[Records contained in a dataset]
__________

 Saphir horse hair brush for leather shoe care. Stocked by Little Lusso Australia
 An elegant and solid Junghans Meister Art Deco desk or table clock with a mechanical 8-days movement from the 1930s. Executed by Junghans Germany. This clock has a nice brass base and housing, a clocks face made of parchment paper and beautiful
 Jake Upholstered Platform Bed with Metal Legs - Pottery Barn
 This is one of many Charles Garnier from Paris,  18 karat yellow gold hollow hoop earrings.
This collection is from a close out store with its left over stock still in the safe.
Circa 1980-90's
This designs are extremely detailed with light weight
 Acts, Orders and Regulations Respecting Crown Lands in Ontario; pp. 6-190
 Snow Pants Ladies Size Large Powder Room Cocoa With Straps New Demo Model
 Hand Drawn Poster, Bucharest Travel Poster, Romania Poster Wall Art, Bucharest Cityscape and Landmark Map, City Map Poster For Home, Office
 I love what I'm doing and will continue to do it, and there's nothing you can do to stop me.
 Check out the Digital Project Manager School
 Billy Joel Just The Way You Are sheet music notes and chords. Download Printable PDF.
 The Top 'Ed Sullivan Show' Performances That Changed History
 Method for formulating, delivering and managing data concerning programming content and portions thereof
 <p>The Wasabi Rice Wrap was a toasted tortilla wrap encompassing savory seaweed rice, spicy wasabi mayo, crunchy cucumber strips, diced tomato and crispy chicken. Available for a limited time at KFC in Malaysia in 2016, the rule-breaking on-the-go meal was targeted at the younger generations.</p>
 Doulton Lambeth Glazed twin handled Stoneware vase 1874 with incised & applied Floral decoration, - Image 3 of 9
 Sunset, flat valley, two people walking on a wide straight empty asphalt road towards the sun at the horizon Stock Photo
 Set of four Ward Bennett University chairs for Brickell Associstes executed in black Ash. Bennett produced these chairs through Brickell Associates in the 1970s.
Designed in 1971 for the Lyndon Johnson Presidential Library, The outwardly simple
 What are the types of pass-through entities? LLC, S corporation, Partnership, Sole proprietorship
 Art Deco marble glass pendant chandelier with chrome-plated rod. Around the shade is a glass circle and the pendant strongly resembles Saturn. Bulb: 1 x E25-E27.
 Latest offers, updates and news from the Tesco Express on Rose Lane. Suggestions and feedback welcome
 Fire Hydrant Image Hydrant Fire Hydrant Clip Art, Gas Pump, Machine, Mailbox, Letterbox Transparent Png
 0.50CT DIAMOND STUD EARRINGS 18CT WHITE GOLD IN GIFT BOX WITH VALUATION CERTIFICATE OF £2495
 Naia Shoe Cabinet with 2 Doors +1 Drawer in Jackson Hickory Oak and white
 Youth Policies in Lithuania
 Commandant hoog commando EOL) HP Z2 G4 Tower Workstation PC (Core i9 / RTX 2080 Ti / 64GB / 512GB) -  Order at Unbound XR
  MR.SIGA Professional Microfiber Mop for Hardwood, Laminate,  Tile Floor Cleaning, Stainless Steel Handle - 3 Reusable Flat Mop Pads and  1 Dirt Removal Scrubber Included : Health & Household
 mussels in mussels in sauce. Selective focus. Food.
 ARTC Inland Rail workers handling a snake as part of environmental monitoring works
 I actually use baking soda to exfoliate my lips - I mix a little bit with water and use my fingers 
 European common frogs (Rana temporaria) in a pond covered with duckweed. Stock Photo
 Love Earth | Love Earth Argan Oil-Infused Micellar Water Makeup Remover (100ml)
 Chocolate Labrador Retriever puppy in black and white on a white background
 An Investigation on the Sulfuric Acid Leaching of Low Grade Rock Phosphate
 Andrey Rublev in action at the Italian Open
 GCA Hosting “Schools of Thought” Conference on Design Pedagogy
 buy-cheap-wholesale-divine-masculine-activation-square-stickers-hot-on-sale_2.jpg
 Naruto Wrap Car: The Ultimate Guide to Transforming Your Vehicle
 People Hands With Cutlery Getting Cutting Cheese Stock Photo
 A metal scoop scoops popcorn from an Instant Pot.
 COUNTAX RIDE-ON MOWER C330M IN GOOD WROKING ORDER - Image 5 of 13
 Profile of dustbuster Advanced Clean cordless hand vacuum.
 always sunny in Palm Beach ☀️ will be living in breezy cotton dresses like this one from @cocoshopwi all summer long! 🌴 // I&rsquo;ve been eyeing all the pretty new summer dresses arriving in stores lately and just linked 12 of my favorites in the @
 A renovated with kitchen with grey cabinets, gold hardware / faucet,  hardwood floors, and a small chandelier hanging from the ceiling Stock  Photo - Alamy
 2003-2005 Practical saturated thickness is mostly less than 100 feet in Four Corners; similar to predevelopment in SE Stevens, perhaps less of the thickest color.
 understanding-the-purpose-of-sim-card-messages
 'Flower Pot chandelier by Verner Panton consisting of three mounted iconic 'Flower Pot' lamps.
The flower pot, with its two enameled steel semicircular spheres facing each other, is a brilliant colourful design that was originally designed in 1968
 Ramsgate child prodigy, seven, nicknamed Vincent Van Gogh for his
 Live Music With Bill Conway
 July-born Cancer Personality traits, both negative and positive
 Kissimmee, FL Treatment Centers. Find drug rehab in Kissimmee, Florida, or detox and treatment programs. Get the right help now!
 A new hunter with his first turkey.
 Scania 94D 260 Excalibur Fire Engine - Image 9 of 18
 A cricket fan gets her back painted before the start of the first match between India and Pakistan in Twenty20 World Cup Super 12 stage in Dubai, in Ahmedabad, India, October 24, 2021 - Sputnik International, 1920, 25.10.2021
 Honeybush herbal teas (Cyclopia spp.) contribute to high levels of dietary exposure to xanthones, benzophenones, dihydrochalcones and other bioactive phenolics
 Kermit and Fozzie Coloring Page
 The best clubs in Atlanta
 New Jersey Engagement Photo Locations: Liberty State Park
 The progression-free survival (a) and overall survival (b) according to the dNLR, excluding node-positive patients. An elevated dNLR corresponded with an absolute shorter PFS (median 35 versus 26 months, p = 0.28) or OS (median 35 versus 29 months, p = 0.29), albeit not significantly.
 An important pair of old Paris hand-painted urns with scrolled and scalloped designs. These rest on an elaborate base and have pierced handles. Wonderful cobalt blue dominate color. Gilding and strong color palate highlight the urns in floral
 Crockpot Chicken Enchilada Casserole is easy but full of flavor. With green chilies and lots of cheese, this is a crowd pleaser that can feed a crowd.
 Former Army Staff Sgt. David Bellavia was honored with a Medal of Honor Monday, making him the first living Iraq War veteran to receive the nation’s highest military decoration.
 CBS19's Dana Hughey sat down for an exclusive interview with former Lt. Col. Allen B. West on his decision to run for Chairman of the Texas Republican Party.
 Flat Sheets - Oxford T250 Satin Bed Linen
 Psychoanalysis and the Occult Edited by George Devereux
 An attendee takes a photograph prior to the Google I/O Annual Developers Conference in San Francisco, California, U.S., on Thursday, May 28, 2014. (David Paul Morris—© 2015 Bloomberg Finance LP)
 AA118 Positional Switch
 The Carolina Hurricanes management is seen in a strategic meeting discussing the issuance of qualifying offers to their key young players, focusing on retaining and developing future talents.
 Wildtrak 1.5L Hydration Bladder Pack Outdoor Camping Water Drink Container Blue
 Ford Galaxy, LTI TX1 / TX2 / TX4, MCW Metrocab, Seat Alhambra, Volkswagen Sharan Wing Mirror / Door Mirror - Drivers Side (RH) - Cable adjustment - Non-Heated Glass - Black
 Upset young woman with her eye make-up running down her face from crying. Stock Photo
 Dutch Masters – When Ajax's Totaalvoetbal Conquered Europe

__________

■ **TASK TO CARRY OUT**
Transcribe each entry verbatim, leaving none out.

■ **THE ANSWER**
 Saphir horse hair brush for leather shoe care. Stocked by Little Lusso Australia
 An elegant and solid Junghans Meister Art Deco desk or table clock with a mechanical 8-days movement from the 1930s. Executed by Junghans Germany. This clock has a nice brass base and housing, a clocks face made of parchment paper and beautiful
 Jake Upholstered Platform Bed with Metal Legs - Pottery Barn
 This is one of many Charles Garnier from Paris,  18 karat yellow gold hollow hoop earrings.
This collection is from a close out store with its left over stock still in the safe.
Circa 1980-90's
This designs are extremely detailed with light weight
 Acts, Orders and Regulations Respecting Crown Lands in Ontario; pp. 6-190
 Snow Pants Ladies Size Large Powder Room Cocoa With Straps New Demo Model
 Hand Drawn Poster, Bucharest Travel Poster, Romania Poster Wall Art, Bucharest Cityscape and Landmark Map, City Map Poster For Home, Office
 I love what I'm doing and will continue to do it, and there's nothing you can do to stop me.
 Check out the Digital Project Manager School
 Billy Joel Just The Way You Are sheet music notes and chords. Download Printable PDF.
 The Top 'Ed Sullivan Show' Performances That Changed History
 Method for formulating, delivering and managing data concerning programming content and portions thereof
 <p>The Wasabi Rice Wrap was a toasted tortilla wrap encompassing savory seaweed rice, spicy wasabi mayo, crunchy cucumber strips, diced tomato and crispy chicken. Available for a limited time at KFC in Malaysia in 2016, the rule-breaking on-the-go meal was targeted at the younger generations.</p>
 Doulton Lambeth Glazed twin handled Stoneware vase 1874 with incised & applied Floral decoration, - Image 3 of 9
 Sunset, flat valley, two people walking on a wide straight empty asphalt road towards the sun at the horizon Stock Photo
 Set of four Ward Bennett University chairs for Brickell Associstes executed in black Ash. Bennett produced these chairs through Brickell Associates in the 1970s.
Designed in 1971 for the Lyndon Johnson Presidential Library, The outwardly simple
 What are the types of pass-through entities? LLC, S corporation, Partnership, Sole proprietorship
 Art Deco marble glass pendant chandelier with chrome-plated rod. Around the shade is a glass circle and the pendant strongly resembles Saturn. Bulb: 1 x E25-E27.
 Latest offers, updates and news from the Tesco Express on Rose Lane. Suggestions and feedback welcome
 Fire Hydrant Image Hydrant Fire Hydrant Clip Art, Gas Pump, Machine, Mailbox, Letterbox Transparent Png
 0.50CT DIAMOND STUD EARRINGS 18CT WHITE GOLD IN GIFT BOX WITH VALUATION CERTIFICATE OF £2495
 Naia Shoe Cabinet with 2 Doors +1 Drawer in Jackson Hickory Oak and white
 Youth Policies in Lithuania
 Commandant hoog commando EOL) HP Z2 G4 Tower Workstation PC (Core i9 / RTX 2080 Ti / 64GB / 512GB) -  Order at Unbound XR
  MR.SIGA Professional Microfiber Mop for Hardwood, Laminate,  Tile Floor Cleaning, Stainless Steel Handle - 3 Reusable Flat Mop Pads and  1 Dirt Removal Scrubber Included : Health & Household
 mussels in mussels in sauce. Selective focus. Food.
 ARTC Inland Rail workers handling a snake as part of environmental monitoring works
 I actually use baking soda to exfoliate my lips - I mix a little bit with water and use my fingers 
 European common frogs (Rana temporaria) in a pond covered with duckweed. Stock Photo
 Love Earth | Love Earth Argan Oil-Infused Micellar Water Makeup Remover (100ml)
 Chocolate Labrador Retriever puppy in black and white on a white background
 An Investigation on the Sulfuric Acid Leaching of Low Grade Rock Phosphate
 Andrey Rublev in action at the Italian Open
 GCA Hosting “Schools of Thought” Conference on Design Pedagogy
 buy-cheap-wholesale-divine-masculine-activation-square-stickers-hot-on-sale_2.jpg
 Naruto Wrap Car: The Ultimate Guide to Transforming Your Vehicle
 People Hands With Cutlery Getting Cutting Cheese Stock Photo
 A metal scoop scoops popcorn from an Instant Pot.
 COUNTAX RIDE-ON MOWER C330M IN GOOD WROKING ORDER - Image 5 of 13
 Profile of dustbuster Advanced Clean cordless hand vacuum.
 always sunny in Palm Beach ☀️ will be living in breezy cotton dresses like this one from @cocoshopwi all summer long! 🌴 // I&rsquo;ve been eyeing all the pretty new summer dresses arriving in stores lately and just linked 12 of my favorites in the @
 A renovated with kitchen with grey cabinets, gold hardware / faucet,  hardwood floors, and a small chandelier hanging from the ceiling Stock  Photo - Alamy
 2003-2005 Practical saturated thickness is mostly less than 100 feet in Four Corners; similar to predevelopment in SE Stevens, perhaps less of the thickest color.
 understanding-the-purpose-of-sim-card-messages
 'Flower Pot chandelier by Verner Panton consisting of three mounted iconic 'Flower Pot' lamps.
The flower pot, with its two enameled steel semicircular spheres facing each other, is a brilliant colourful design that was originally designed in 1968
 Ramsgate child prodigy, seven, nicknamed Vincent Van Gogh for his
 Live Music With Bill Conway
 July-born Cancer Personality traits, both negative and positive
 Kissimmee, FL Treatment Centers. Find drug rehab in Kissimmee, Florida, or detox and treatment programs. Get the right help now!
 A new hunter with his first turkey.
 Scania 94D 260 Excalibur Fire Engine - Image 9 of 18
 A cricket fan gets her back painted before the start of the first match between India and Pakistan in Twenty20 World Cup Super 12 stage in Dubai, in Ahmedabad, India, October 24, 2021 - Sputnik International, 1920, 25.10.2021
 Honeybush herbal teas (Cyclopia spp.) contribute to high levels of dietary exposure to xanthones, benzophenones, dihydrochalcones and other bioactive phenolics
 Kermit and Fozzie Coloring Page
 The best clubs in Atlanta
 New Jersey Engagement Photo Locations: Liberty State Park
 The progression-free survival (a) and overall survival (b) according to the dNLR, excluding node-positive patients. An elevated dNLR corresponded with an absolute shorter PFS (median 35 versus 26 months, p = 0.28) or OS (median 35 versus 29 months, p = 0.29), albeit not significantly.
 An important pair of old Paris hand-painted urns with scrolled and scalloped designs. These rest on an elaborate base and have pierced handles. Wonderful cobalt blue dominate color. Gilding and strong color palate highlight the urns in floral
 Crockpot Chicken Enchilada Casserole is easy but full of flavor. With green chilies and lots of cheese, this is a crowd pleaser that can feed a crowd.
 Former Army Staff Sgt. David Bellavia was honored with a Medal of Honor Monday, making him the first living Iraq War veteran to receive the nation’s highest military decoration.
 CBS19's Dana Hughey sat down for an exclusive interview with former Lt. Col. Allen B. West on his decision to run for Chairman of the Texas Republican Party.
 Flat Sheets - Oxford T250 Satin Bed Linen
 Psychoanalysis and the Occult Edited by George Devereux
 An attendee takes a photograph prior to the Google I/O Annual Developers Conference in San Francisco, California, U.S., on Thursday, May 28, 2014. (David Paul Morris—© 2015 Bloomberg Finance LP)
 AA118 Positional Switch
 The Carolina Hurricanes management is seen in a strategic meeting discussing the issuance of qualifying offers to their key young players, focusing on retaining and developing future talents.
 Wildtrak 1.5L Hydration Bladder Pack Outdoor Camping Water Drink Container Blue
 Ford Galaxy, LTI TX1 / TX2 / TX4, MCW Metrocab, Seat Alhambra, Volkswagen Sharan Wing Mirror / Door Mirror - Drivers Side (RH) - Cable adjustment - Non-Heated Glass - Black
 Upset young woman with her eye make-up running down her face from crying. Stock Photo
 Dutch Masters – When Ajax's Totaalvoetbal Conquered Europe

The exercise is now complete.